Eating blueberries could help improve memory and cognitive function, a new study finds.

Researchers recruited 47 older adults with mild cognitive impairment.

Some of them had the equivalent of a cup of blueberries in powder form each day for 16 weeks.

Others had a placebo powder.

Professor Robert Krikorian, who led the research, explained the results:

“There was improvement in cognitive performance and brain function in those who had the blueberry powder compared with those who took the placebo.
The blueberry group demonstrated improved memory and improved access to words and concepts.
Our new findings corroborate those of previous animal studies and preliminary human studies, adding further support to the notion that blueberries can have a real benefit in improving memory and cognitive function in some older adults.”
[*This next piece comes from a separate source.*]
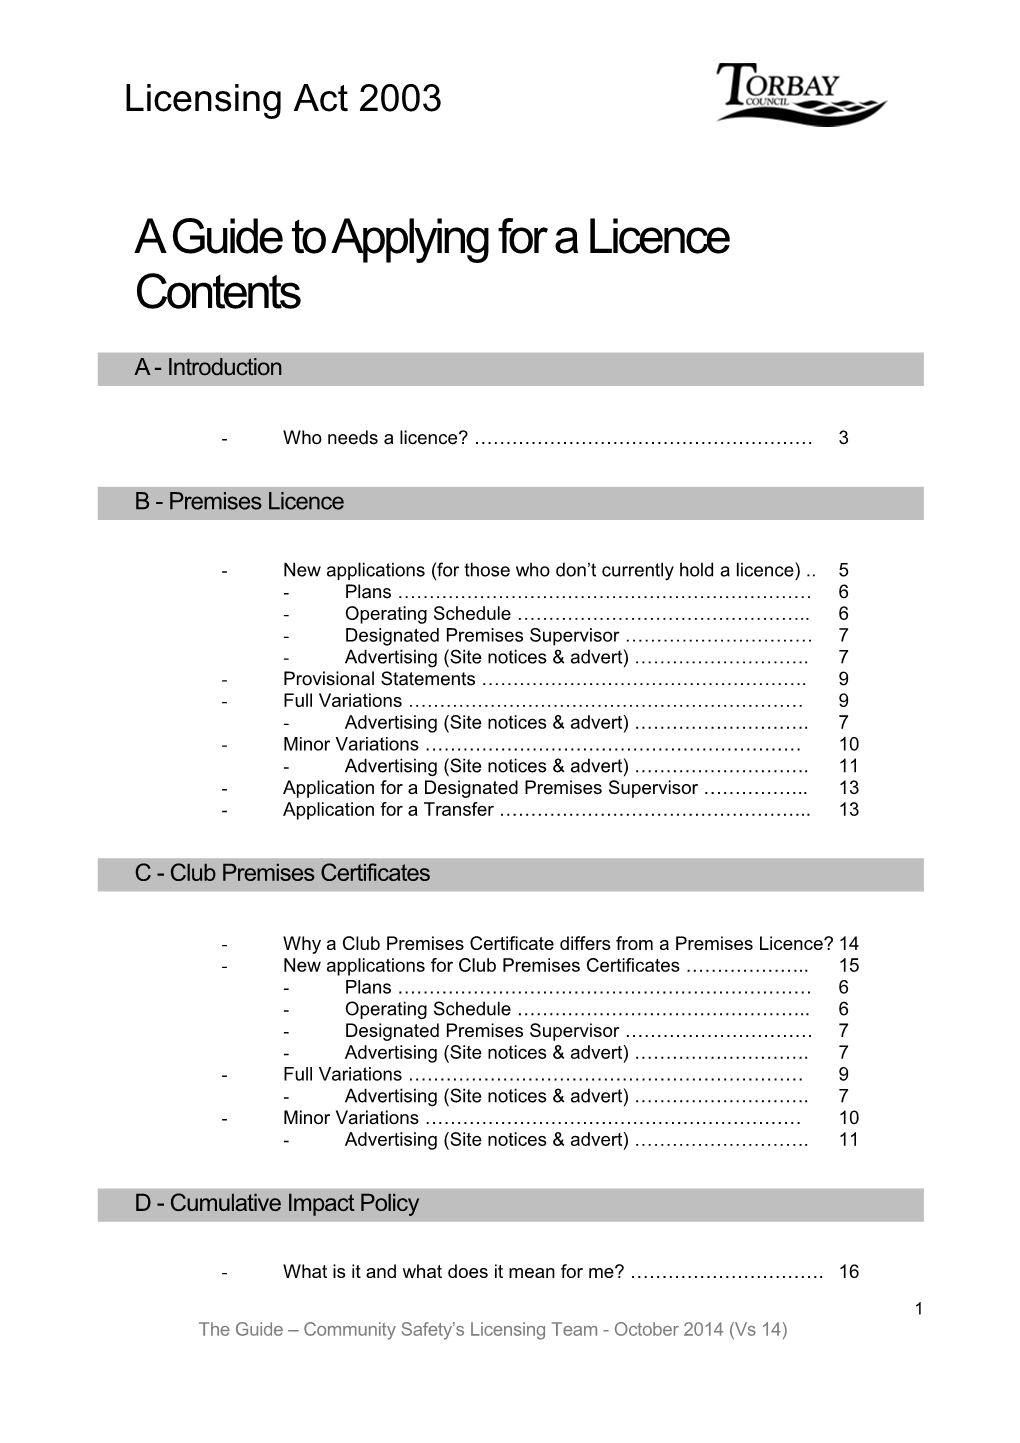 A Guide to Applying for a Licence Contents

A second study examined older people who thought their memories might be declining, but who did not have a diagnosis.


They were split into four groups with comparison groups for fish oil and various other combinations.

Professor Krikorian said:

“The results were not as robust as with the first study.
Cognition was somewhat better for those with powder or fish oil separately, but there was little improvement with memory.”

It could be that the blueberries are better for people with some impairments and not so effective for those who are more healthy, Professor Krikorian said.

The study was presented at the at the 251st National Meeting & Exposition of the American Chemical Society (ACS).